Et de préciser qu’il ne s’agit pas seulement d’une ligne politique : “Si on demandait au peuple serbe, je crois qu’il ne choisirait pas non plus. On a parfois l’impression qu’il y a deux Serbie, une de l’Ouest et une de l’Est, que le pays est divisé sur la question. Mais je crois moi que la ligne de séparation passe au coeur de chaque Serbe. Les Serbes vivent à l’occidentale, à l’européenne, avec des valeurs communes de liberté, de démocratie, etc. Mais ils sont orthodoxes, parlent une langue slave et ont une histoire commune avec le “grand frère” russe. Le génie de la Serbie, depuis toujours, c’est de ne pas choisir entre les deux.”

Une idée développée par Vladimir Kolarić, théoricien de la culture et de l’art, écrivain et traducteur à Belgrade, dans un texte publié par Balkans-Actu : « L’identité culturelle, civilisatrice, nationale et religieuse serbe repose sur l’idée répandue que la Serbie se situe “entre l’Est et l’Ouest”. Dans l’imaginaire collectif serbe, le premier archevêque serbe, Saint Sava (XIIe siècle), est souvent cité pour avoir affirmé que la Serbie se trouvait entre l’Est et l’Ouest. Cependant, Saint Sava, en tant que moine hésychaste du Mont Athos, considérait que la Serbie ne devait pas être entre les deux, mais au-dessus de l’Est et de l’Ouest. »

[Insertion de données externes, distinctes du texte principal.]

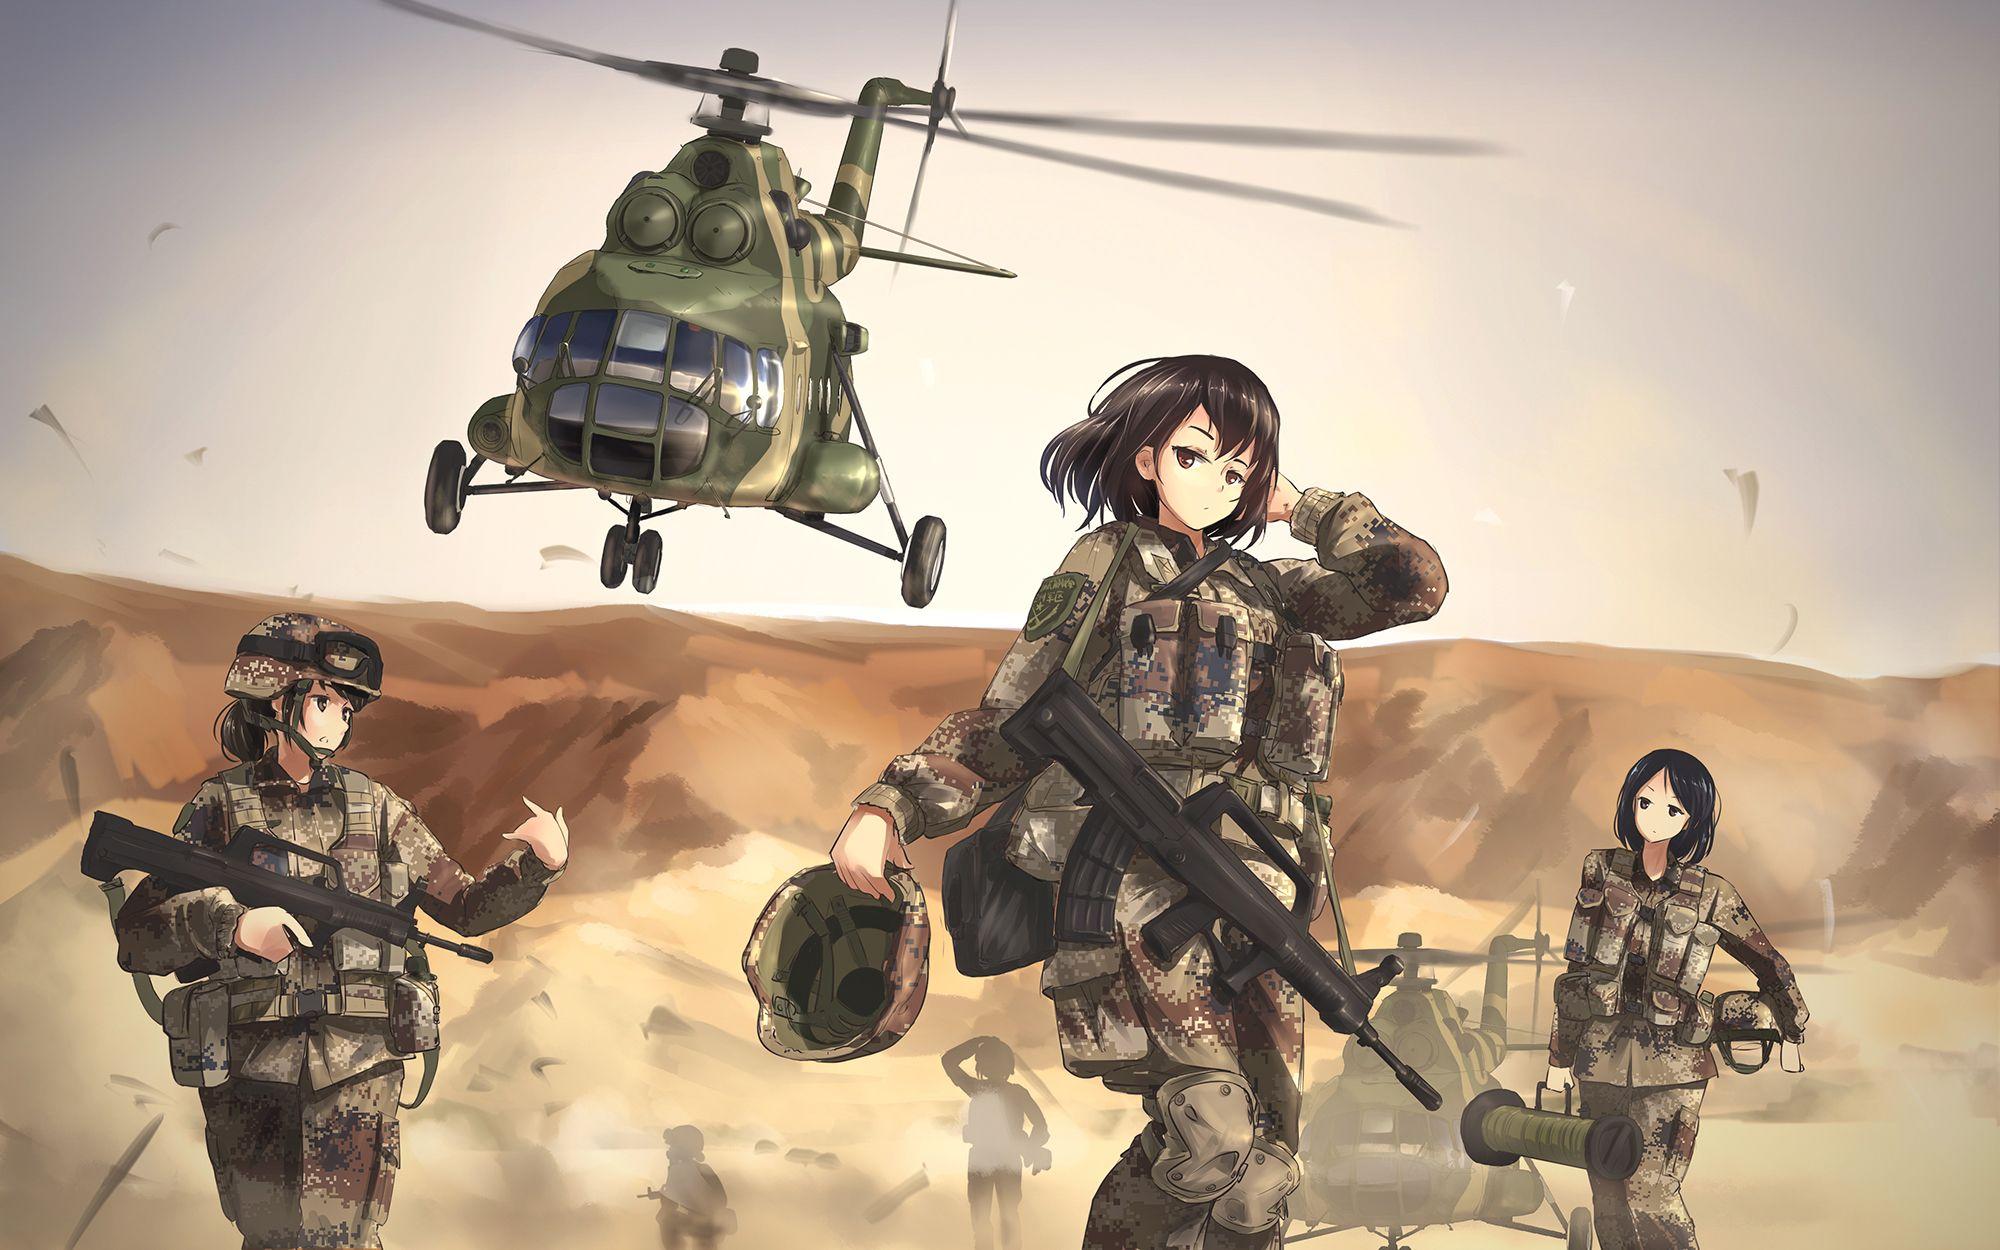 Best Tactical Anime Girls image. Anime military
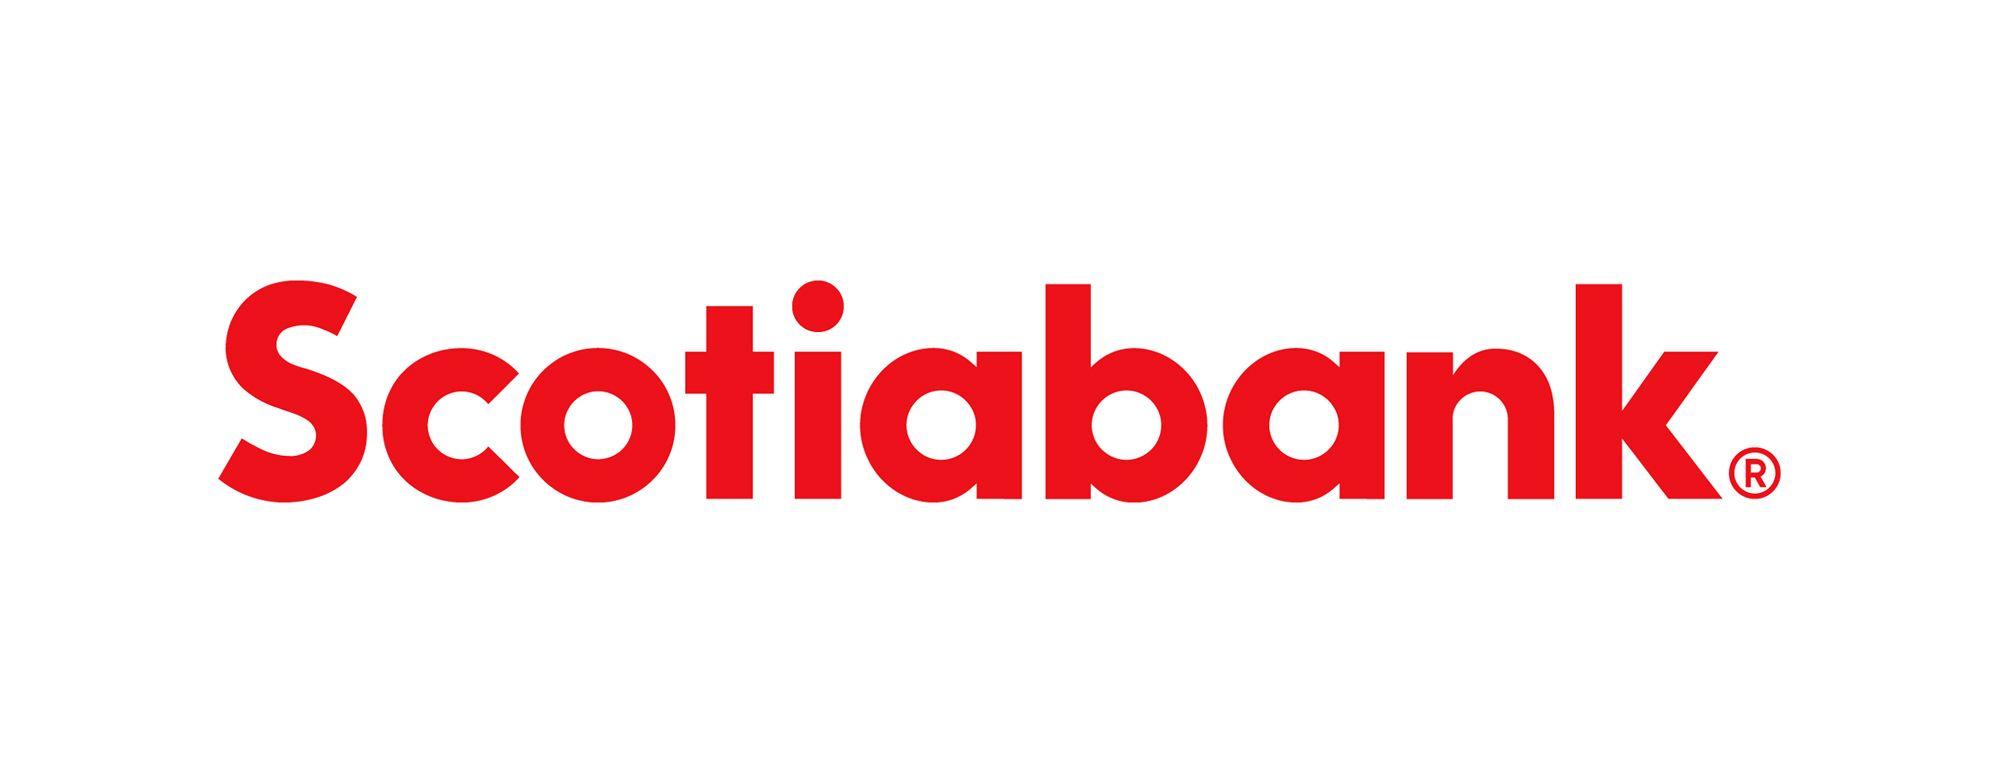 Less Logo - Less is More? Scotiabank Rebrands their Identity

Partant de là, on comprend bien que la Serbie non seulement ne veuille pas choisir, mais ne le puisse même pas : choisir entre Est et Ouest, ce serait faillir à sa vocation profonde. Les dirigeants de l’UE le comprennent-ils ? JC. Buisson semble le penser, qui conclut : “On voudrait dire à la Serbie qu’on ne veut pas d’elle dans l’UE qu’on ne s’y prendrait pas autrement”.